Англичане, известное дело, настойчивы и хладнокровны. Француз, в свою очередь, рассудка не имеет, и так далее, и к тому же всегда не прочь перекусить лягушкой, но в изяществе и остроумии не откажешь. Те и другие (и вообще все) обязаны, мерещится нам, бегать и прыгать сообразно нац. характеру.
Что самое смешное - так иногда и бывает. И это называется - стиль. Проявляется лишь на очень высоком уровне.
А впрочем, не всегда. Помните, что прокричал граду и миру вышеупомянутый Вадик после пресловутой ничьей с Уэльсом? Все телеканалы показали. Правда, вырубив звук, так что полной ясности лично у меня нет: то ли он объявил себя предком всех валлийцев по материнской линии, то ли предложил орган для пересадки. Короче, хамство дикое, без чувства, без закона. Начальство и пресса умилились. Еще бы: это же в нашем стиле. В стиле советского спорта, он же - крепостной балет. В стиле детского сада: эка важность, нашалил, зато чувство какое похвальное! и вообще послушный, это главное.
- Парами, ребята, парами, в затылок друг дружке! - покрикивает воспитательница. - А ты, Мостовой, не болтай! не противопоставляй себя коллективу! доиграешься у меня!
Доигрались. Привет из Уэльса.
Подослали недоумков с обрезом, те стрельнули через дверь, на голос - и не стало Николая Гиренко, русского интеллигента.
За то и приговорили, что интеллигент, а главное - за то, что русский. С типичной такой славянской внешностью.
С такой внешностью (причем сразу видно: много читал человек, много думал) - и не антисемит! Это было бесам невтерпеж. Получалось - они врут, что только они - настоящие русские, что кто не с ними, тот не настоящий. Неудобно получалось перед молодыми - а борьба-то идет за несовершеннолетние мозги: явно же честный и знающий, а главное - ни с какой стороны не еврей - четко и глядя в глаза квалифицирует антисемитскую болтовню и писанину как преступный бред. Компрометирует, значит, идею. Дезориентирует, значит, неоперившихся, сбивает с толку. Самим своим существованием опровергает главный тезис.
Поэтому его существование прекратили. Николая Михайловича не просто убили удовольствия для - не как первого попавшегося черноволосого, ливийца там или туркменку, - его казнили. С назидательной целью: как бы за измену. Как это? как вообще можно изменить противнику? - такие вопросы бесов не беспокоят, им на человеческую логику плевать, они работают с инстинктами. Берегитесь! - вот и весь разговор, - не мешайте нам, а не то...

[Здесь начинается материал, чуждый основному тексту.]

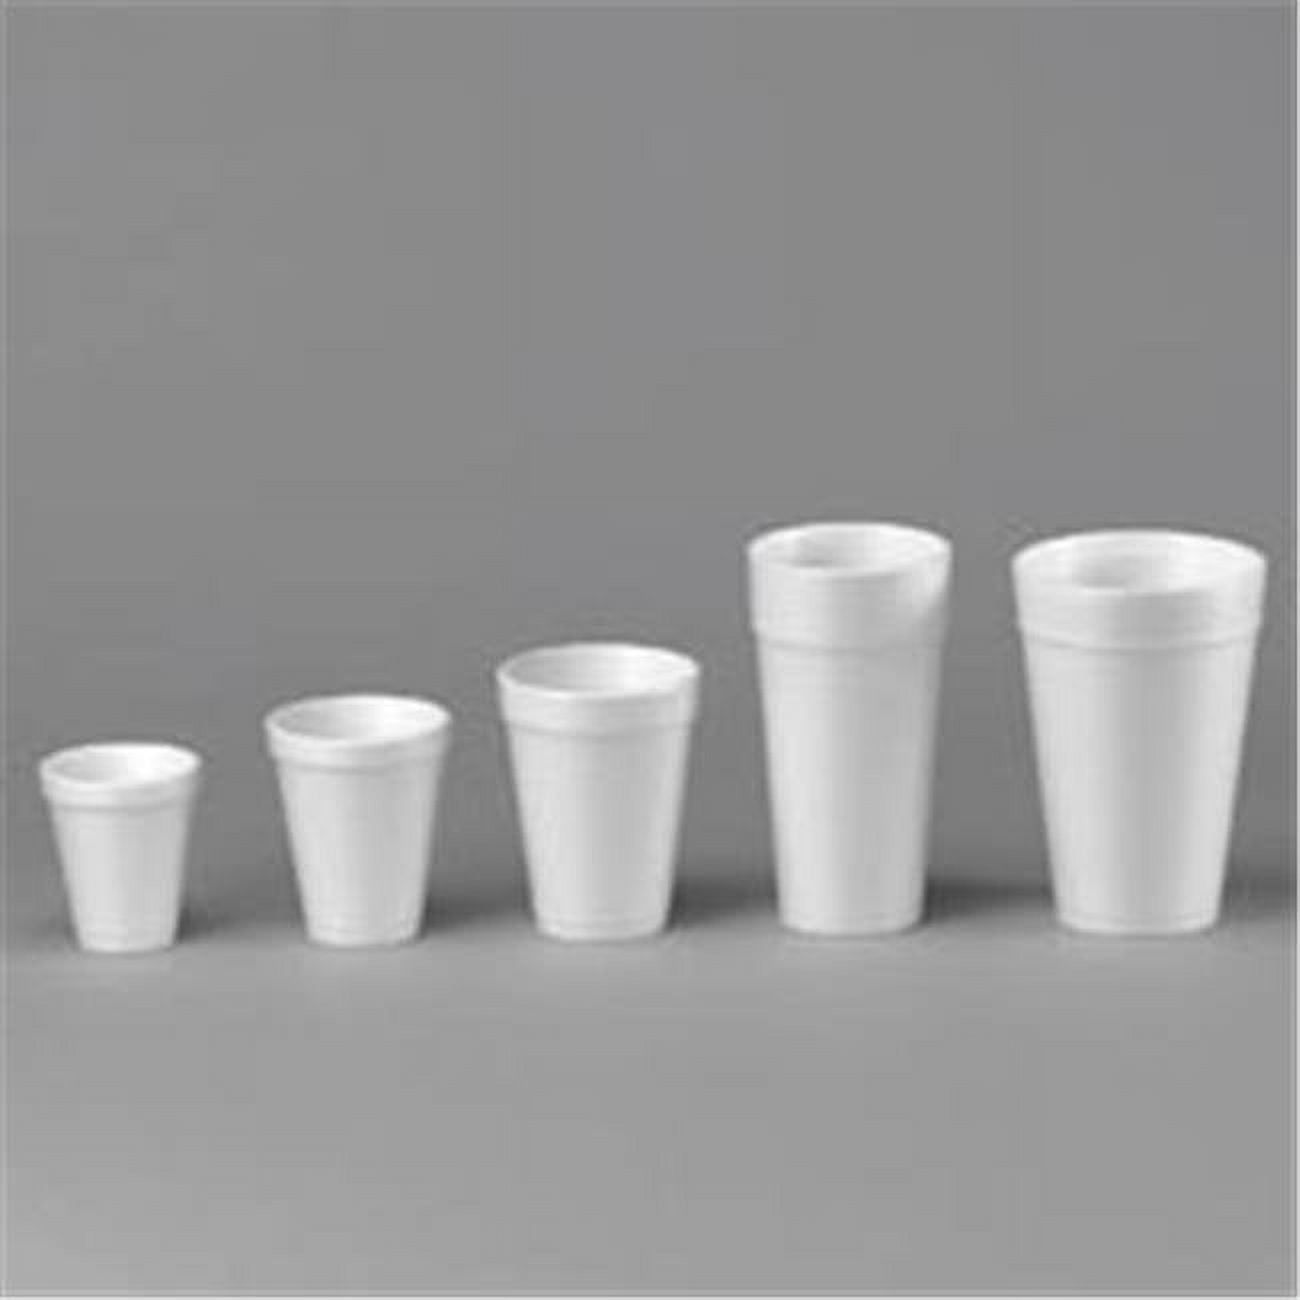 8 oz. Styrofoam Cups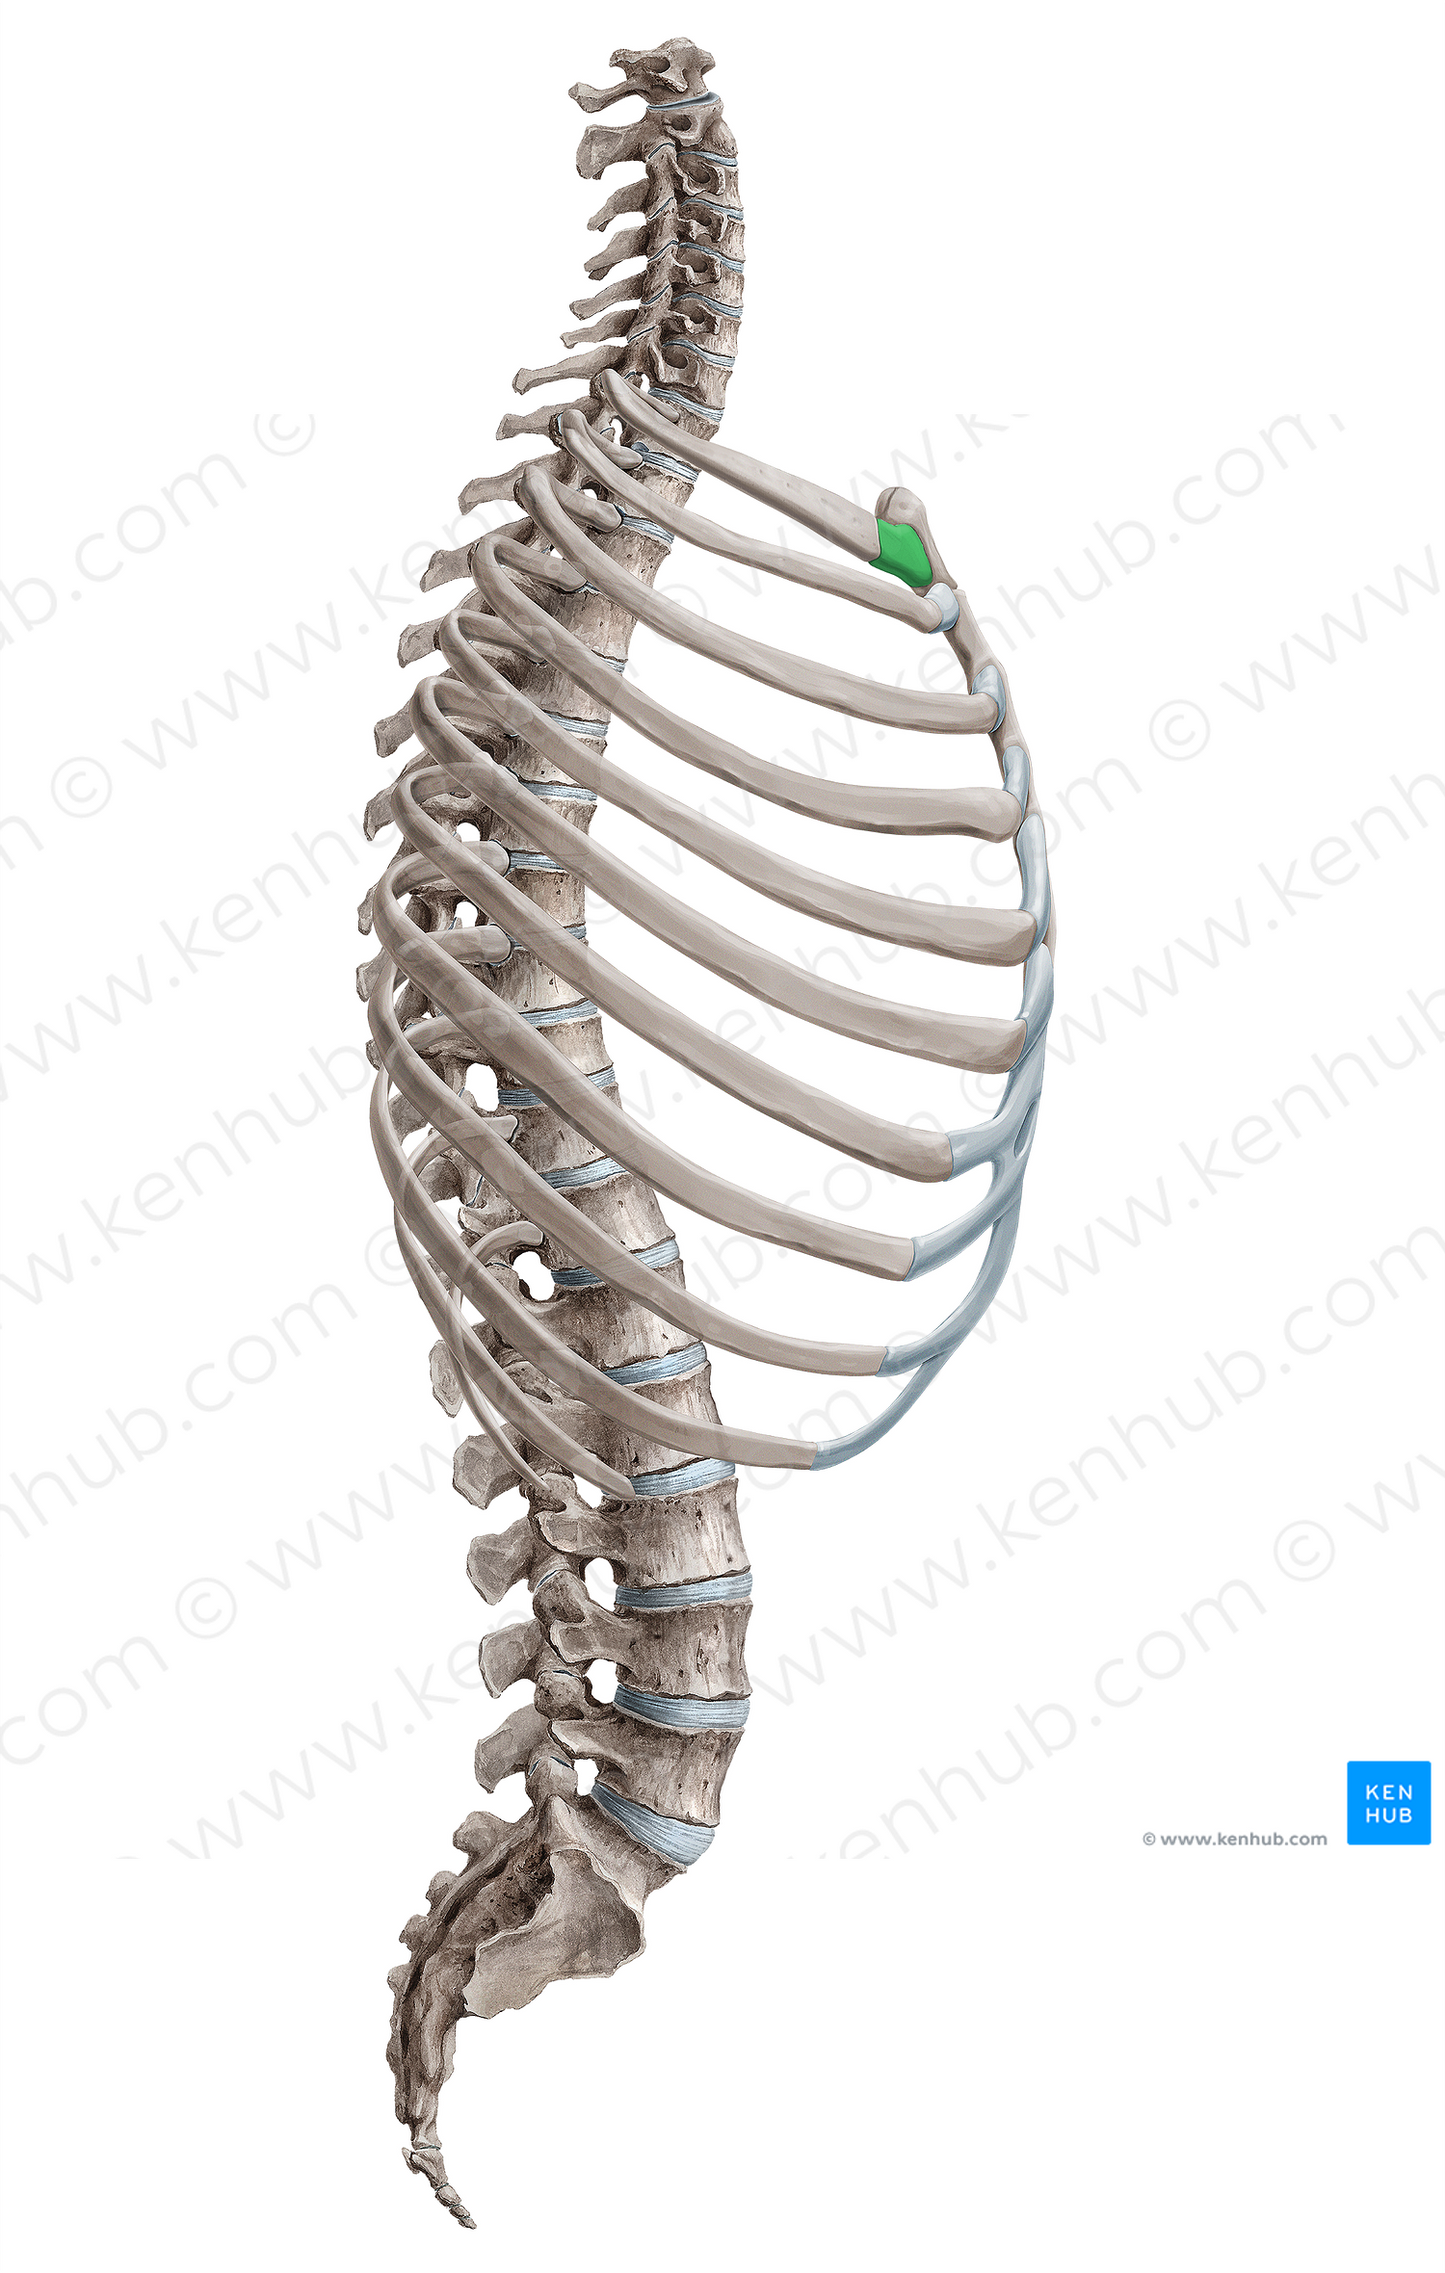 Costal cartilage of 1st rib (#18151)

Как сказано в распоряжении Главного имперского ведомства безопасности IV 84b - 1027/41 от 24 октября 1941 года: "Все лица немецкой крови, публично выражающие дружественное отношение к евреям, подлежат взятию под стражу, а в тяжких случаях заключению в концлагерь..." и т. д.
В нашем случае мечта обгоняет действительность: еще и желтая звезда не введена, не говоря о газовых печах, - вот и приходится бесам все делать самим, и с особой жестокостью. Ведь их, в сущности-то, мало. Большинству людей все-таки не до них, - это, положим, очень удобно, - однако ведь и не за них это большинство. Поэтому надо его запугать обязательно. Исторический опыт прямо требует. Бесы почитывают научную литературу, а наука установила точно: чтобы без помех опять заняться окончательным решением, достаточно 5% населения. Если эти пять процентов научатся произносить слова "жидомасонский заговор" без иронии, то прямая поддержка от всех остальных не требуется - лишь бы не дергались. Это главное условие победы. После которой сделать этих остальных шелковыми - способы есть.
А никто и не дергается. Начальство и публика изо всех сил смотрят в другую сторону. Но публике-то это усилие шеи дается легко, а начальство немножко страдает: все же это не совсем отвечает идеалу порядка - сегодня сирийца убивают среди бела дня, завтра ливийца, и так далее без конца. И приходится плести вздор - что, дескать, это роковые случайности на почве внезапно наступающей неприязни отдельных, но сгруппированных прохожих к первому встречному.
Только и остается, что расчесывать укусы да покрикивать на прессу: чего уставилась? никакие это не вши! это у меня чисто нервное!
То есть отчасти все-таки совестно. Не перед своими, конечно, - а перед спонсорами, инвесторами: западные всего этого не любят.
Но совестно лишь отчасти. Главное - страшно. Только попробуй выказать бесам отвращение - и ты для власти навсегда чужой, подозрительный, карьере конец. Не веришь, выходит, во внутреннего врага, на которого всю дорогу тебя натаскивали, неверный ты Руслан, - сам ты, значит, враг, а то и хуже, мы к твоей анкете вернемся еще.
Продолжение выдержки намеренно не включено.